Friday, February 23, 2007

PUNISHING PUNITIVE DAMAGES

The Supreme Court has decided (in the case of Philip Morris USA v. Williams) that the due process clause prohibits calculating punitive damages based upon harm caused to strangers to the litigation. The closeness of the vote reflects that there are valid arguments on both sides of this issue.

Let us assume that someone has been killed as the result of a defective tire. In the first law suit, the manufacturer learns that the tire is defective. Nonetheless, it continues to manufacture the tire and 100 more persons are killed as a result. Should not the company suffer a greater punishment with each new death? The more deaths; the more egregious the conduct to be punished. Therefore, it would be wrong not to consider harm to others so long as there was adequate proof of the prior deaths and their cause. The purpose of punitive damages is to punish past and deter future wrongful conduct. The continuance of that outrageous conduct in the face of knowledge as to its harmful consequences should certainly serve as one of the bases for calculating punitive damages. The prior conduct and record of a criminal defendant is considered in deciding the severity of punishment, even though the defendant may have already suffered punishment for those prior crimes. Why should it be any different in meting out punishment in a civil matter in which punitive damages are warranted?

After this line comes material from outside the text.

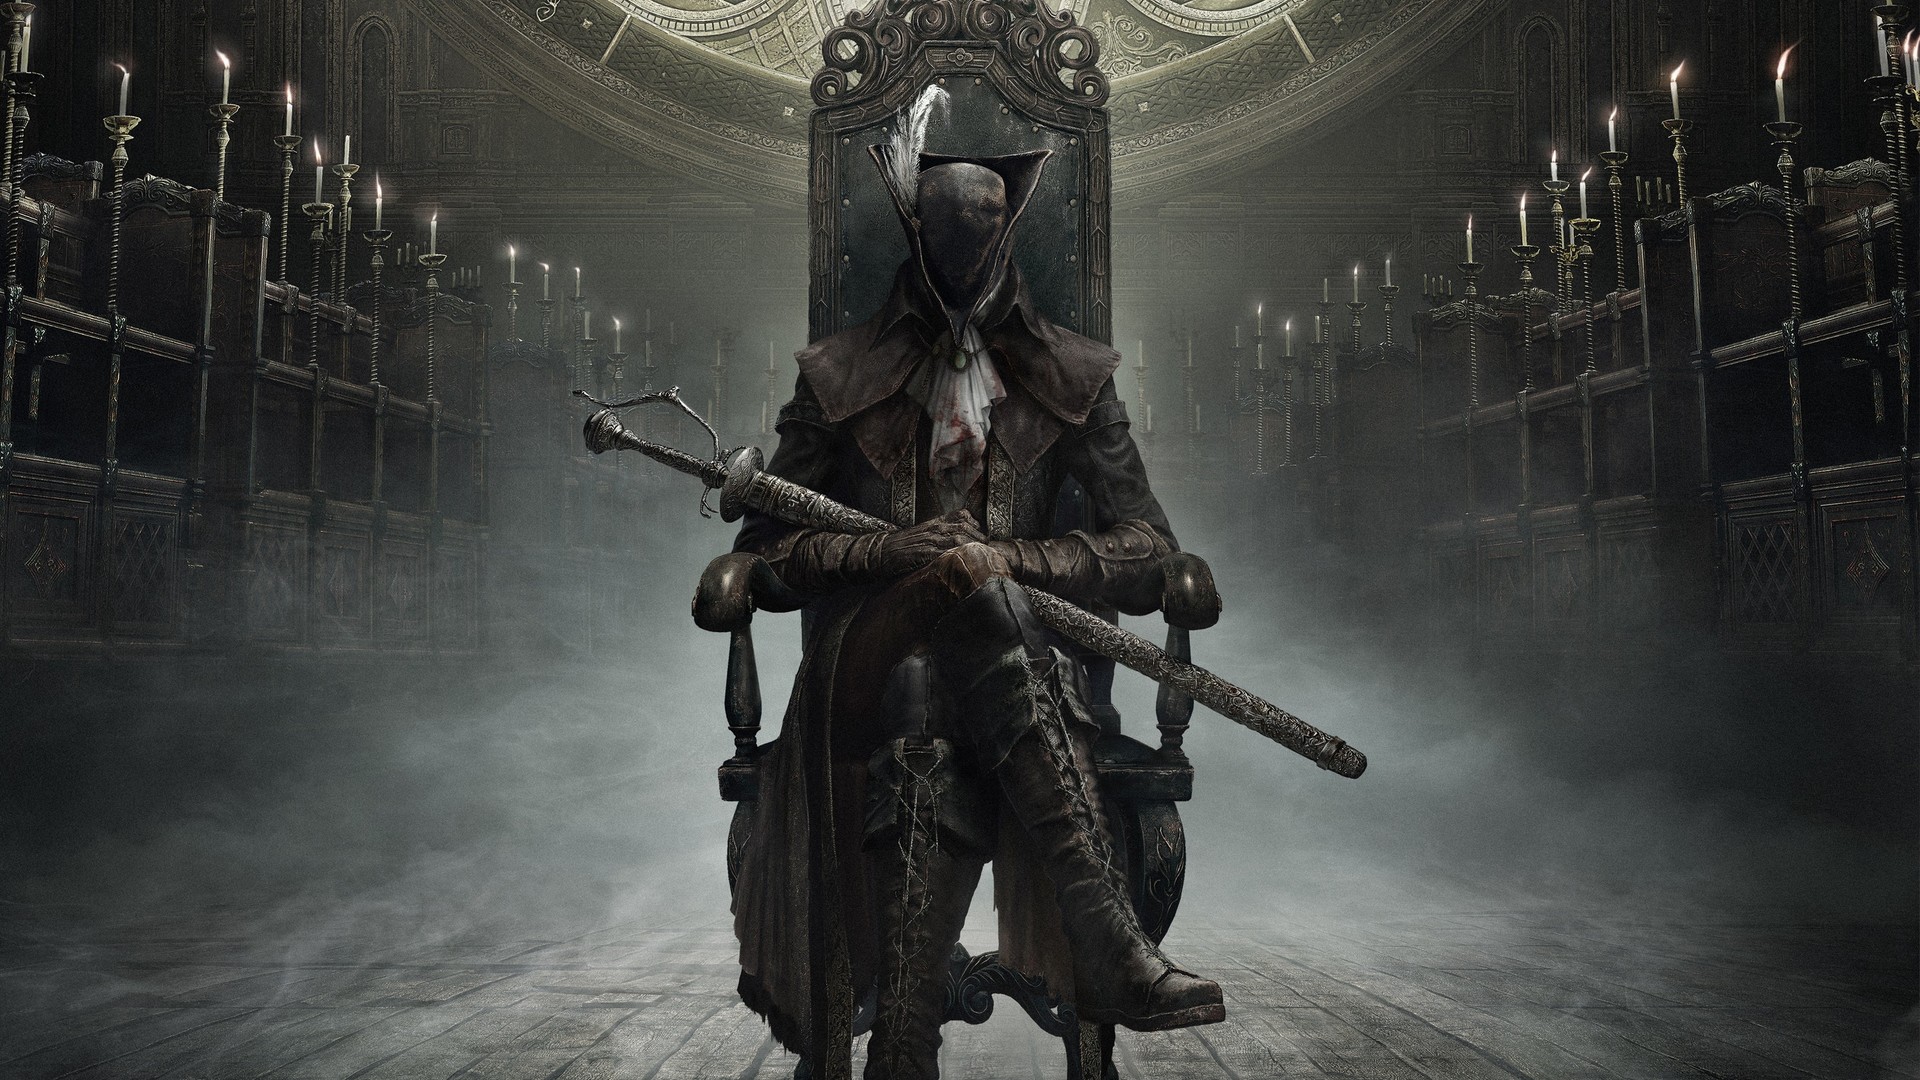 Bloodborne comes to PC, sort of, with PlayStation Now

But now let us assume that at several trials brought on behalf of those who have died from the defective tire, each jury is told about the 100 deaths as a basis for calculating punitive damages. Each then would be punishing the manufacture for the same 100 deaths. Therefore, it would be wrong to consider harm to others if it resulted in repetitive punitive damage awards for the same conduct and harm.

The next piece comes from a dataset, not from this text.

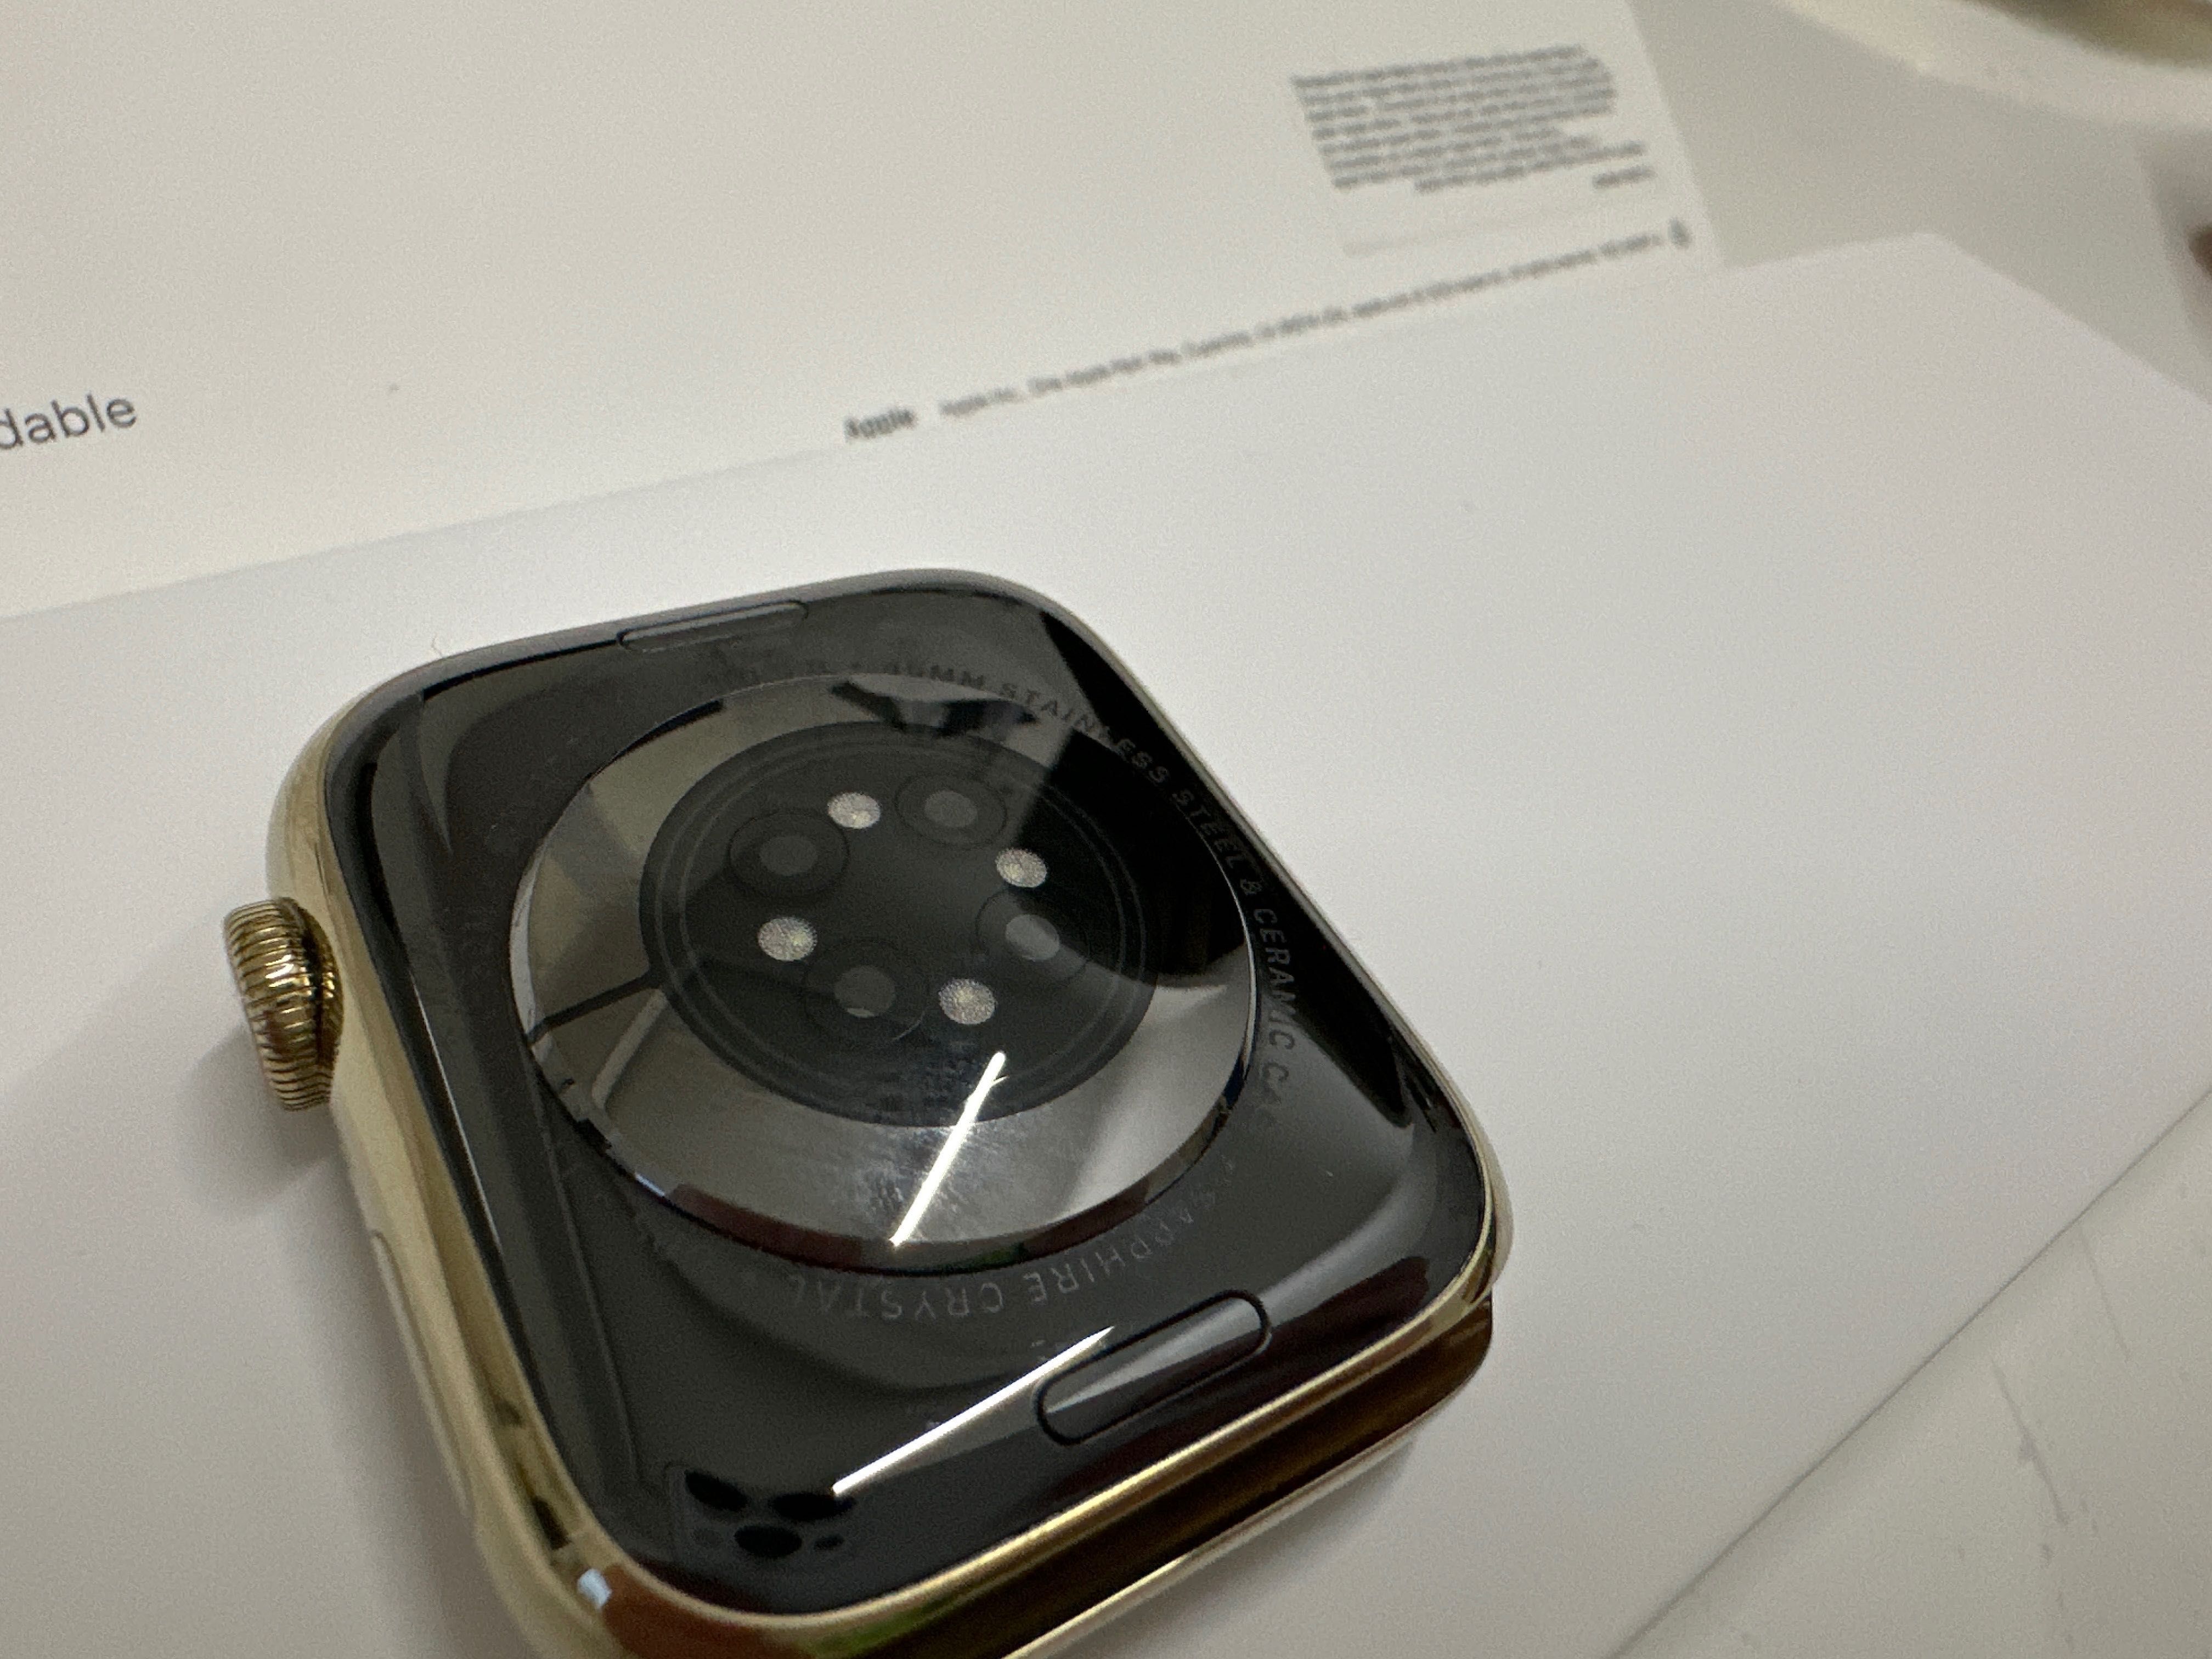 Apple Watch s8-45 stainless steel case. Gold

I wrestled with this very issue in 1989 in the case of Juzwin v. Amtorg Trading Co., 705 F. Supp. 1053, and concluded that multiple awards of punitive damages based upon injuries to others violated the due process clause, the only decision I ever made that was praised by the Wall Street Journal. Despite that praise, I eventually and unilaterally withdrew the decision, concluding that I did not have the power or authority to effectuate such a decision---that it required the Supreme Court or the Congress to do so. The Supreme Court has now spoken, but I continue to have the same concerns expressed above. The ability of citizens to punish others for outrageous conduct in instances in which government cannot or will not is a power worth preserving, but it is essential that guidelines be established so as to lead courts through this current quagmire.